He grew up in New York City during the Great Depression, and embraced a conservative version of evangelical Christianity when he was courting his future wife. They became missionaries in Bolivia in the 1950s and ’60s, when a wave of Pentecostalism was sweeping South America, filling churches with people who claimed that they were being healed, and seeing signs and wonders that Wagner initially dismissed as heresy. Much of this fervor was being channeled into social-justice movements taking hold across Latin America. Che Guevara was organizing in Bolivia. The civil-rights movement was under way in the United States. Ecumenical organizations such as the World Council of Churches were embracing the theology of liberation, emphasizing ideas such as the social sin of inequality and the need for justice not in heaven but here and now.

In the great postwar competition for hearts and minds, conservative American evangelicals—and the CIA, which they sometimes collaborated with—needed an answer to ideas they saw as dangerously socialist. Wagner, by then the general director of the Andes Evangelical Mission, rose to the occasion. In 1969, he took part in a conference in Bogotá, Colombia, sponsored by the Billy Graham Evangelistic Association that aimed to counter these trends. He wrote a book—Latin American Theology: Radical or Evangelical?—which was handed out to all participants, and which argued that concern with social issues “may easily lead to serving mammon rather than serving God.” Liberation theology was a slippery slope to hell.

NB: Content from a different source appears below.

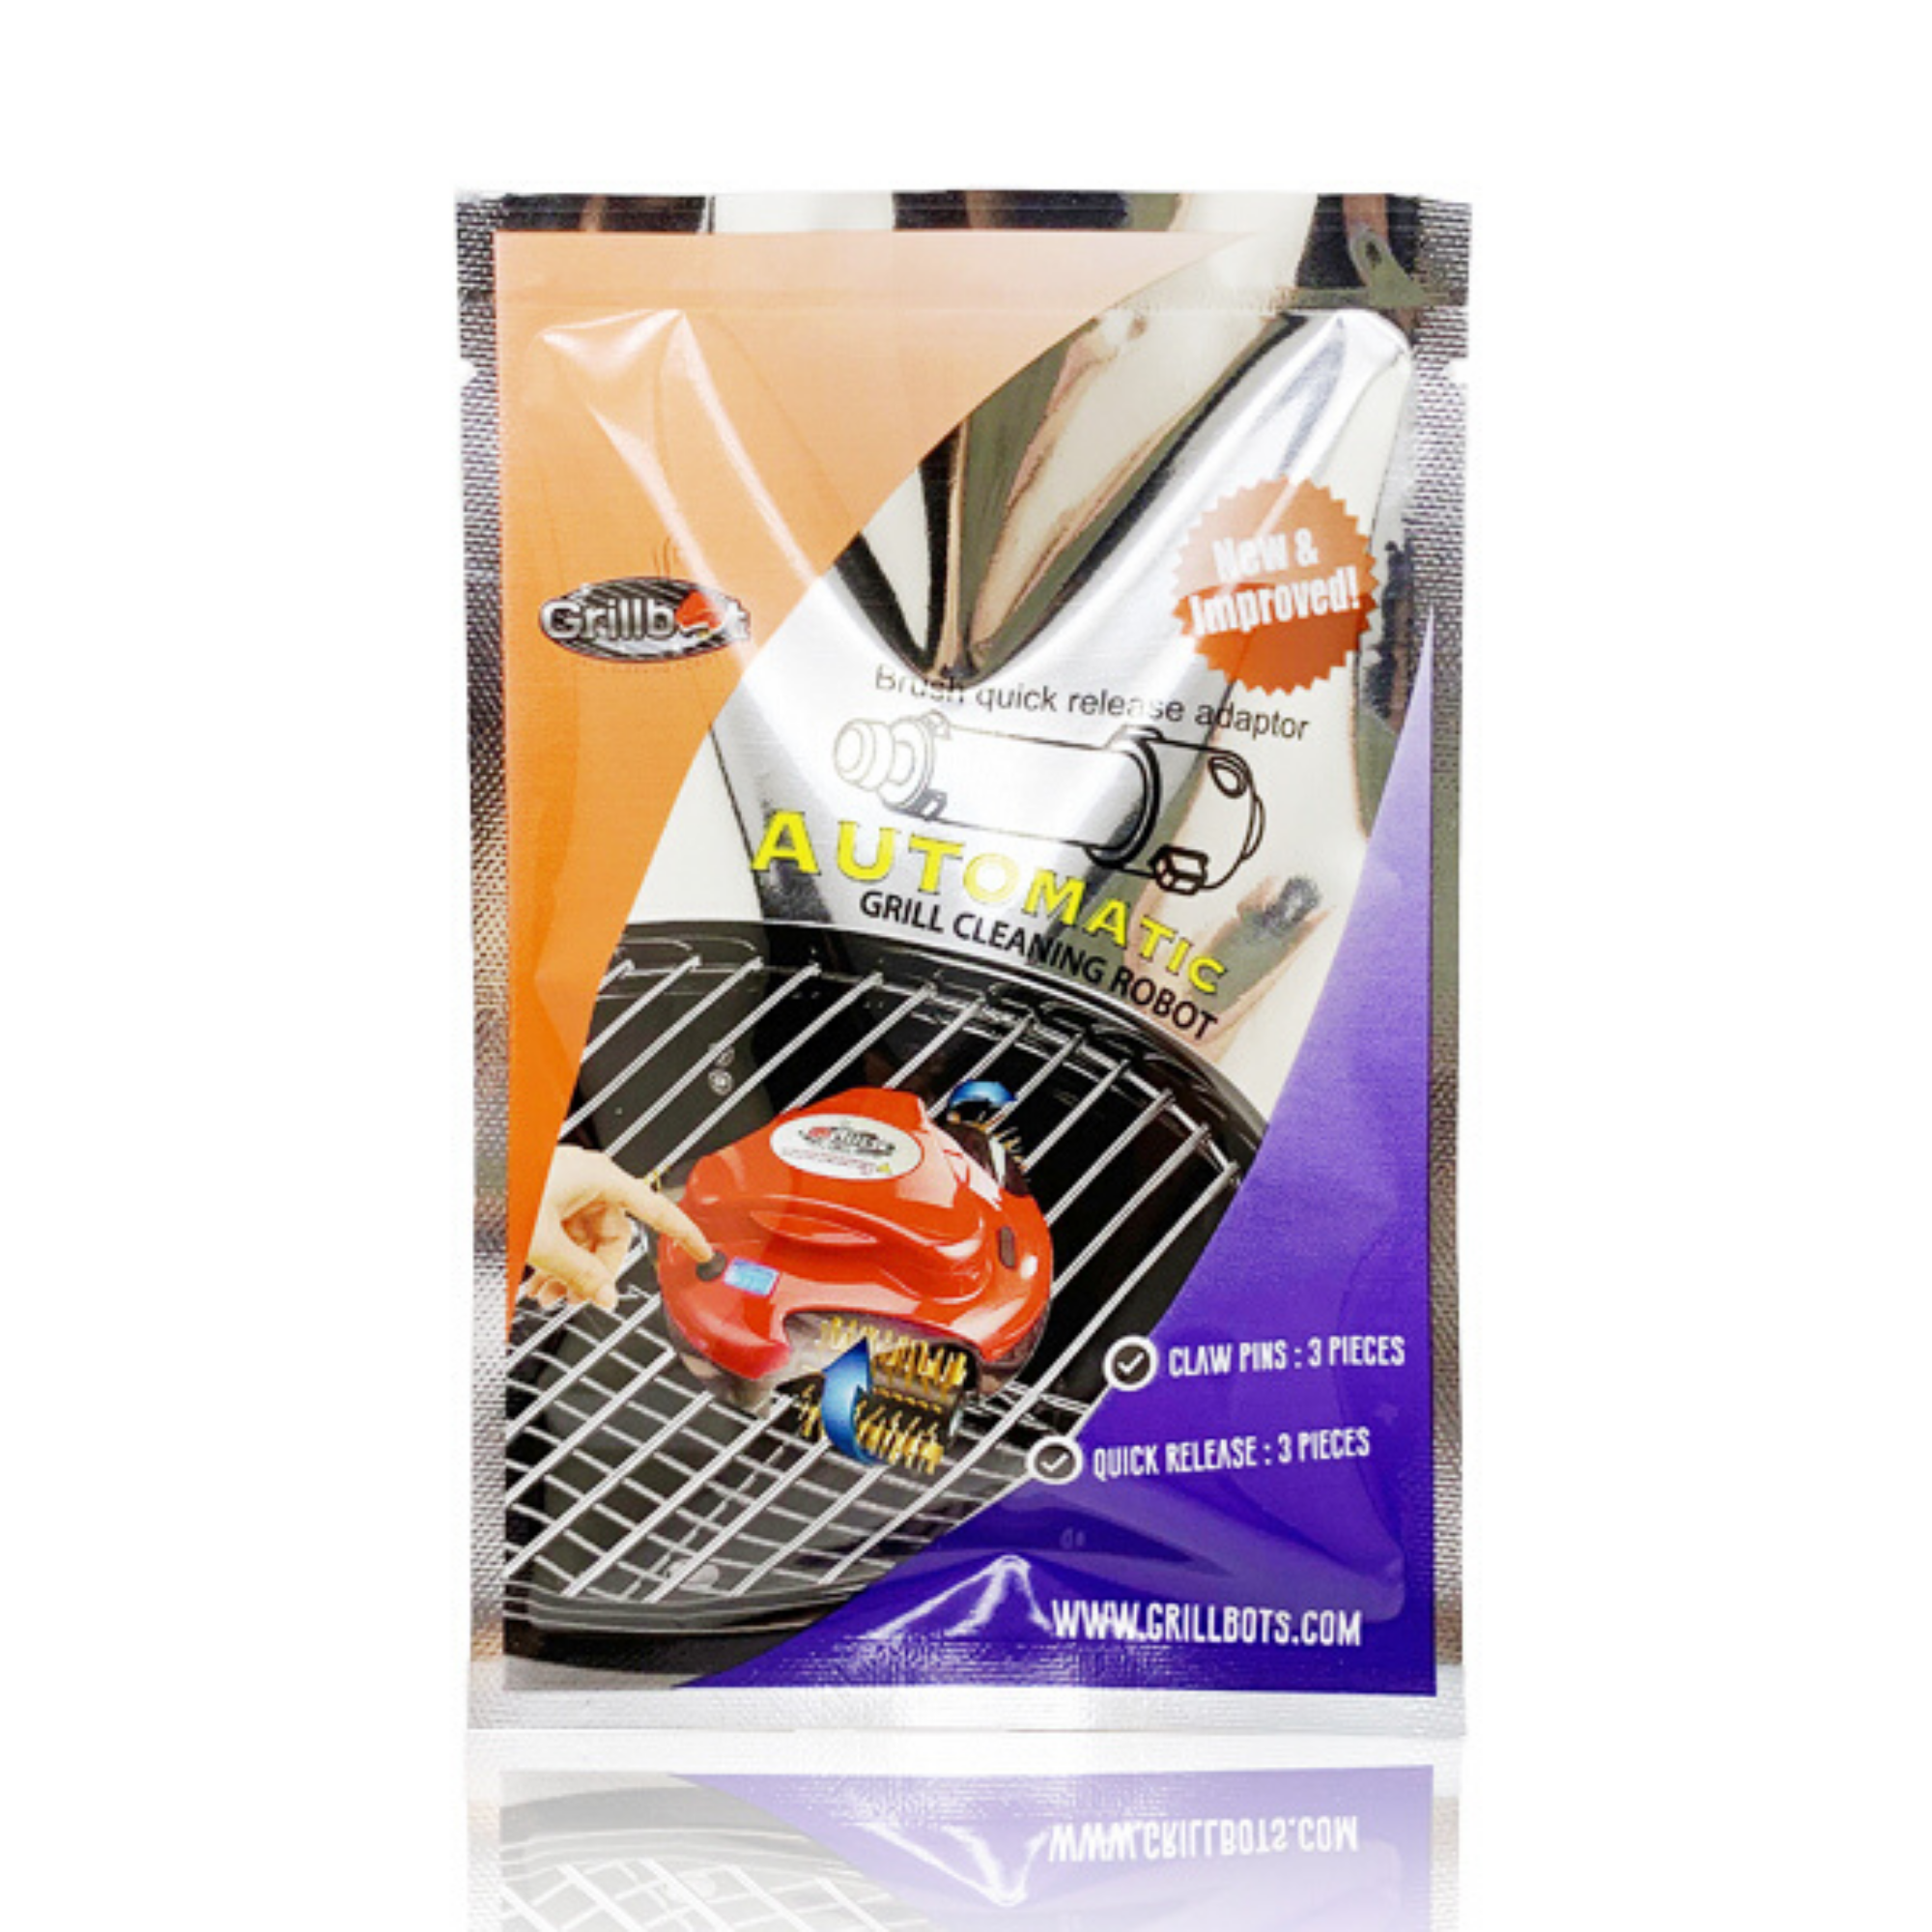 New Quick Release Grill Brush Adapter (3 per pack)!

After that, Wagner became a professor at Fuller Theological Seminary, teaching in the relatively experimental field of church growth. He began revisiting his experience in Bolivia, deciding that the overflowing churches he’d seen were a sign that the Holy Spirit was working in the world. He was also living in the California of the 1970s, when new religions and cults and a more freewheeling, independent, charismatic Christianity were proliferating, a kind of counter-counterculture. Droves of former hippies were being baptized in the Pacific in what became known as the Jesus People movement. Preachers such as John Wimber, a singer in the band that turned into the Righteous Brothers, were casting out demons before huge crowds. In the ’80s, a group of men in Missouri known as the Kansas City Prophets believed they were restoring the gift of prophecy, understanding this to be God’s natural way of talking to people.

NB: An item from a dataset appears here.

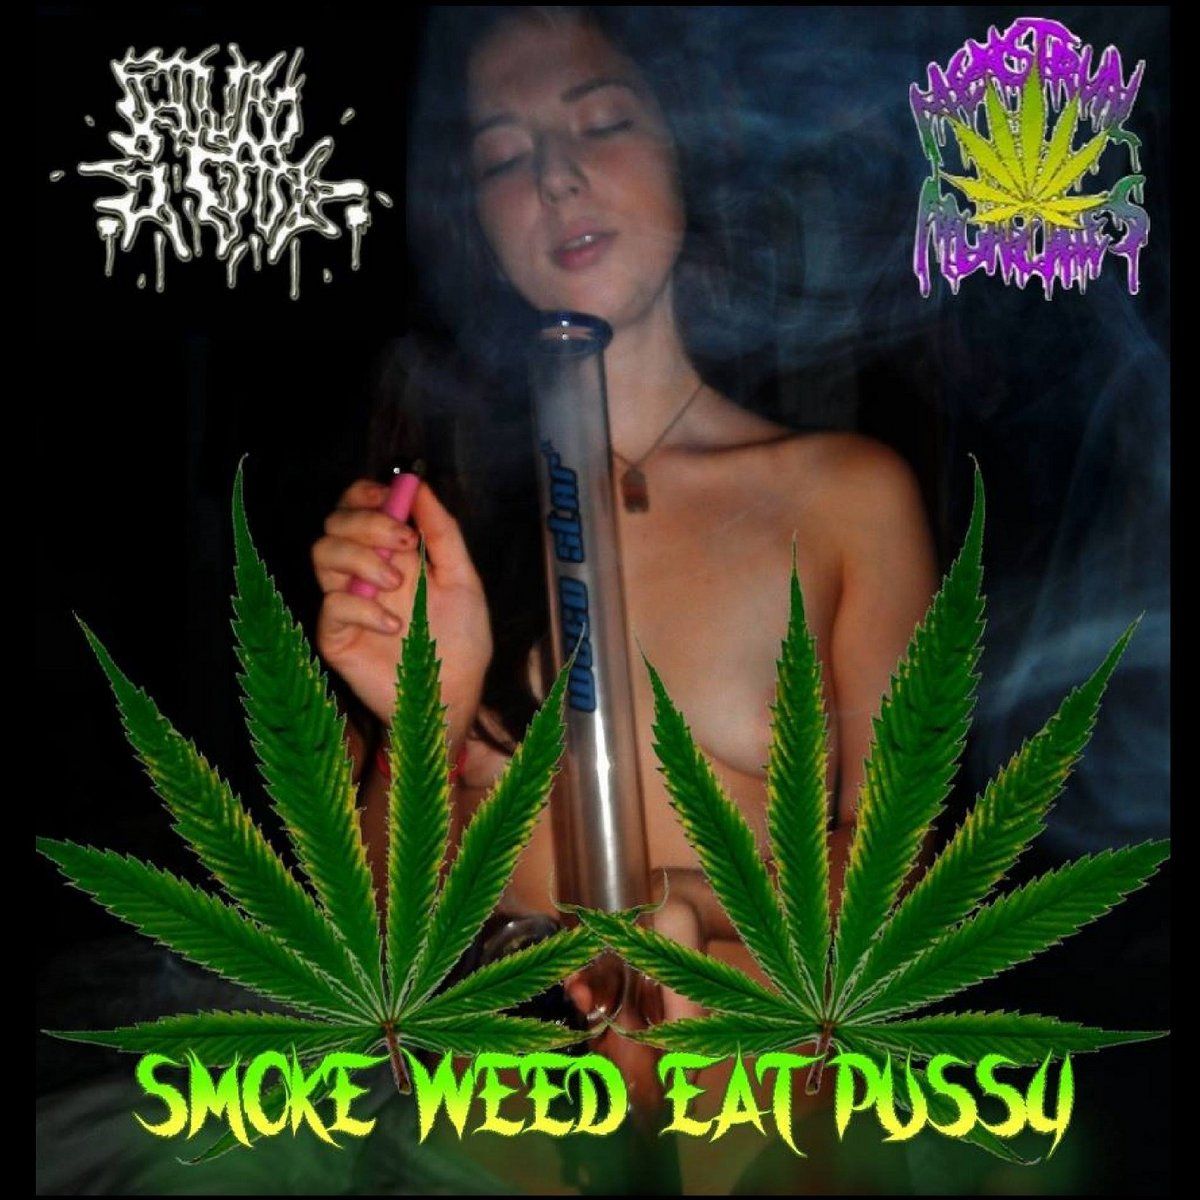 Butch recomended weed need

Wagner met a woman named Cindy Jacobs, who understood herself to be a prophet, and believed that the “principalities” and “powers” mentioned in the Book of Ephesians were actually “territorial spirits” that could be defeated through “spiritual warfare.” She and others formed prayer networks targeting the “10/40 window”—a geographic rectangle between the latitudes of 10 and 40 degrees north that included North Africa, the Middle East, and other parts of Asia that were predominantly Muslim, Buddhist, and Hindu.

C. Peter Wagner (Alexandre Luu)

Wagner also became captivated by a concept called dominionism, a major conceptual shift that had been emerging in conservative theological circles. At the time, the prevailing view was that God’s mandate for Christians was simple evangelism, person by person; the Kingdom would come later, after the return of Jesus Christ, and meanwhile, the business of politics was, as the Bible verse goes, rendered unto Caesar. The new way of thinking was that God was calling his people to establish the Kingdom now. To put it another way, Christians had marching orders—a mandate for aggressive social and institutional transformation. The idea had deep roots in a movement called Christian Reconstructionism, whose serious thinkers—most prominently a Calvinist theologian named R. J. Rushdoony—were spending their lives working out the details of what a government grounded in biblical laws would look like, a model for a Christian theocracy.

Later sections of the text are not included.